Scaling SoftLayer

April 9, 2012

SoftLayer is in the business of helping businesses scale. You need 1,000 cloud computing instances? We'll make sure our system can get them online in 10 minutes. You need to spin up some beefy dedicated servers loaded with dual 8-core Intel Xeon E5-2670 processors and high-capacity SSDs for a new application's I/O-intensive database? We'll get it online anywhere in the world in under four hours. Everywhere you look, you'll see examples of how we help our customers scale, but what you don't hear much about is how our operations team scales our infrastructure to ensure we can accommodate all of our customers' growth.

When we launch a new data center, there's usually a lot of fanfare. When AMS01 and SNG01 came online, we talked about the thousands of servers that are online and ready. We meet huge demand for servers on a daily basis, and that presents us with a challenge: What happens when the inventory of available servers starts dwindling?

Truck Day.

Truck Day not limited to a single day of the year (or even a single day in a given month) ... It's what we call any date our operations team sets for delivery and installation of new hardware. We communicate to all of our teams about the next Truck Day in each location so SLayers from every department can join the operations team in unboxing and preparing servers/racks for installation. The operations team gets more hands to speed up the unloading process, and every employee has an opportunity to get first-hand experience in how our data centers operate.

If you want a refresher course about what happens on a Truck Day, you can reference Sam Fleitman's "Truck Day Operations" blog, and if you want a peek into what it looks like, you can watch Truck Day at SR02.DAL05. I don't mean to make this post all about Truck Day, but Truck Day is instrumental in demonstrating the way SoftLayer scales our own infrastructure.

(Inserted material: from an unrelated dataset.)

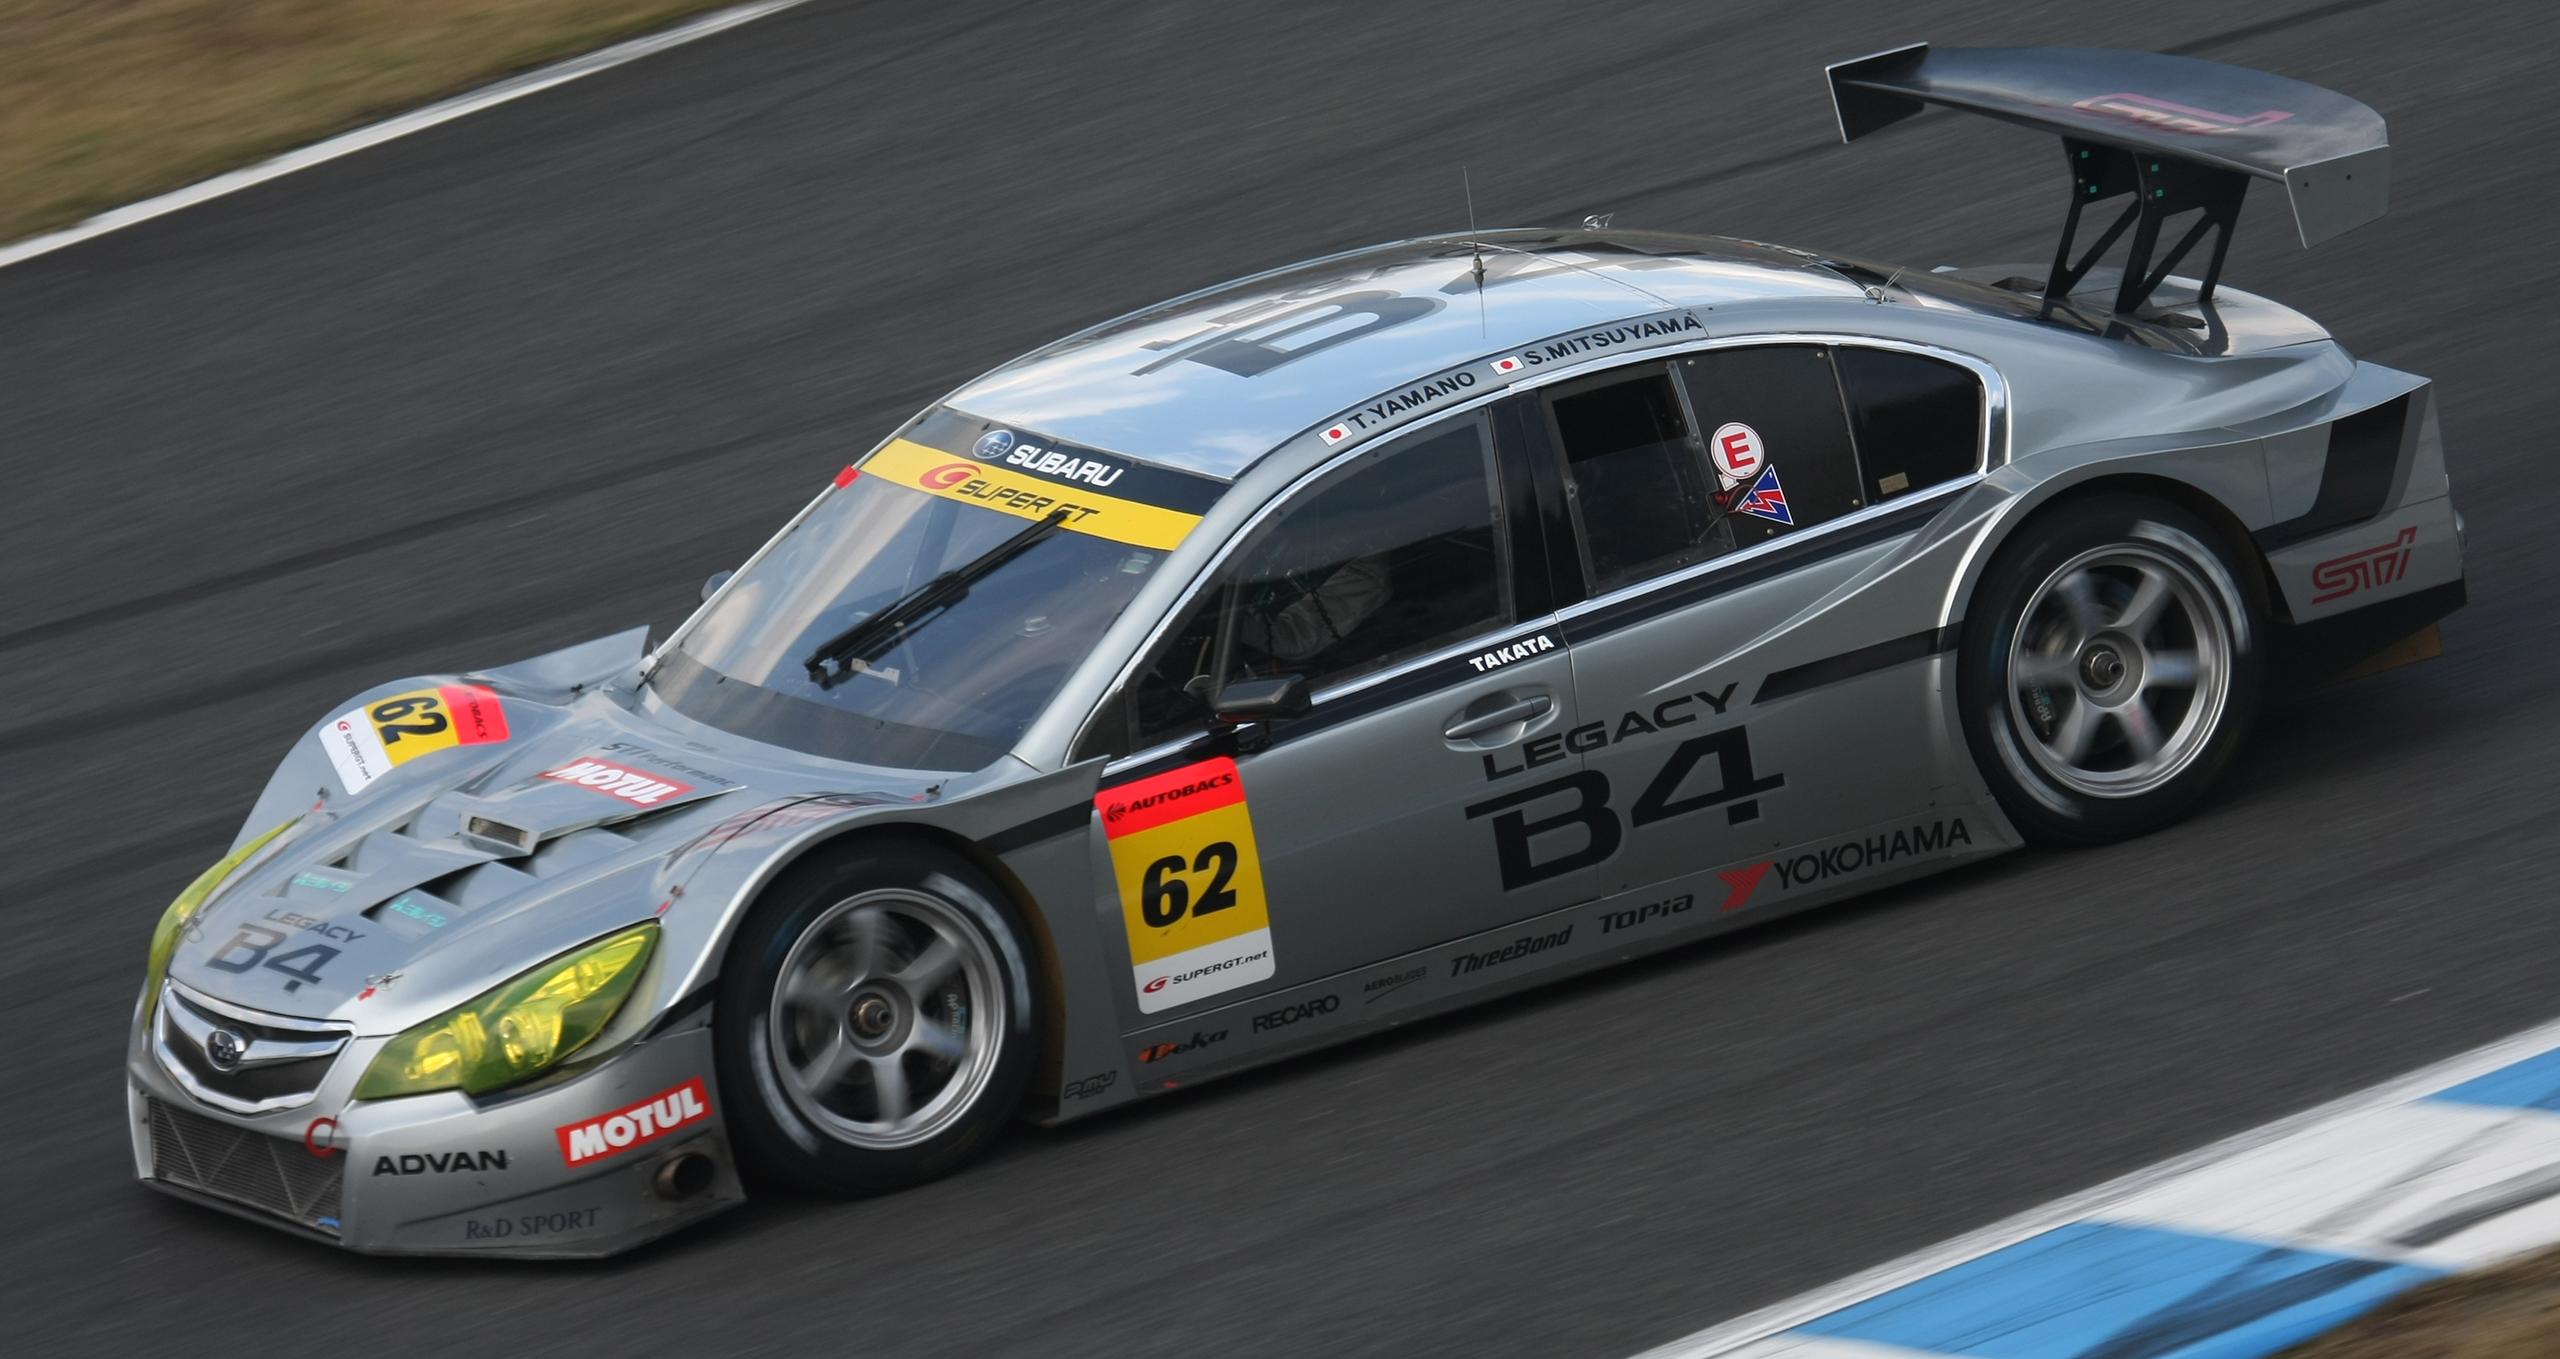 Subaru_Legacy_B4_2009_Motegi_GT_250km

Let's say we install 1,000 servers to officially launch a new pod. Because each pod has slots for 5,000 servers, we have space/capacity for 3,000-4,000 more servers in the server room, so as soon as more server hardware becomes available, we'll order it and start preparing for our next Truck Day to supplement the pod's inventory. You'd be surprised how quickly 1,000 servers can be ordered, and because it's not very easy to overnight a pallet of servers, we have to take into account lead time and shipping speeds ... To accommodate our customers' growth, we have to stay one step ahead in our own growth.

This morning in a meeting, I saw a pretty phenomenal bullet that got me thinking about this topic:

Truck Day — 4/3 (All Sites): 2,673 Servers

In nine different data center facilities around the world, more than 2,500 servers were delivered, unboxed, racked and brought online. Last week. In one day.

Now I know the operations team wasn't looking for any kind of recognition ... They were just reporting that everything went as planned. Given the fact that an accomplishment like that is "just another day at SoftLayer" for those guys, they definitely deserve recognition for the amazing work they do. We host some of the most popular platforms, games and applications on the Internet, and the DC-Ops team plays a huge role in scaling SoftLayer so our customers can scale themselves.

-@gkdog